The 10th also finds inadmissible brief testimony about an uncharged bank robbery. A witness testified Mr. Shaw asked him to pick up a man and later that day he learned there was a bank robbery in the same town. The evidence had too little relevance to be admissible. But the admission was harmless. The improper evidence so tenuously tied Mr. Shaw to a robbery that it couldn't have influenced the verdicts that were supported by strong evidence.

The 10th holds that a trial court does not abuse its discretion when it refuses to dismiss a juror who has in some way indicated she may not be impartial if she subsequently affirms her impartiality. Thus the 10th precludes virtually any juror bias challenge on appeal. In this case, Mr. Shaw mouthed the words "call me" and gestured to a juror as if he were holding a telephone to his ear. This upset the juror. Let's call her juror 121. [Mr. Shaw explained he was actually trying to gesture to a different juror.
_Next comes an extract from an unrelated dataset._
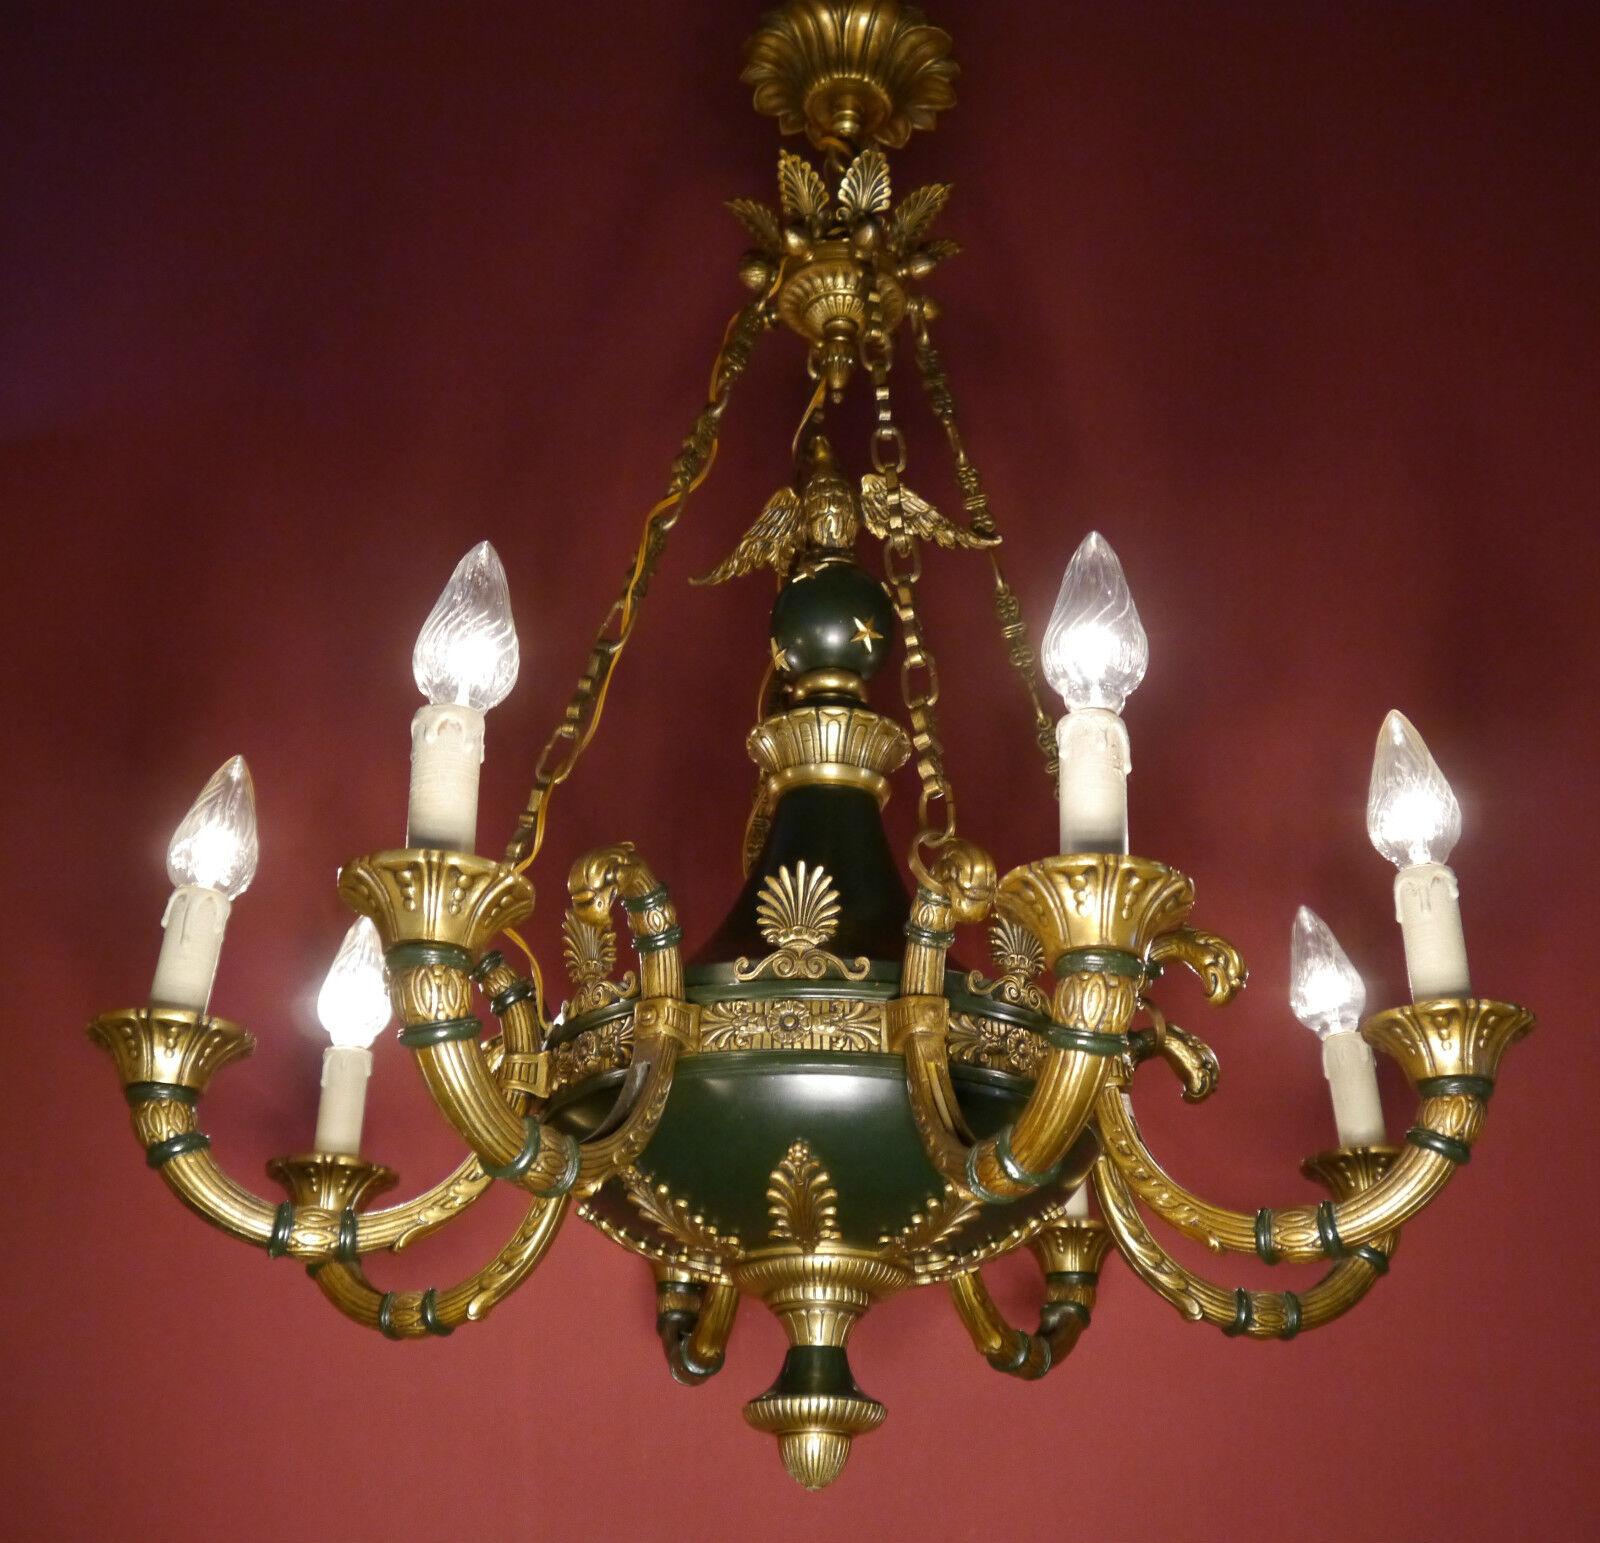 RARE BIG 8 LIGHT BRASS FRENCH EMPIRE CHANDELIER VINTAGE LAMP ANCIENT ANTIQUE

He obviously needs to refine his flirting technique]. 121 told the bailiff about Mr. Shaw's behavior in front of the other jurors. The court questioned all the jurors about this. One juror, 76, said the incident made her sick and she would have to make an effort to get the implanted event out of her mind. Eventually 76 said she thought could put the matter aside. The court excused 121, but refused to excuse 76. The 10th found this to be okay. The 10th also noted its concern about removing jurors as a result of a defendant's misconduct.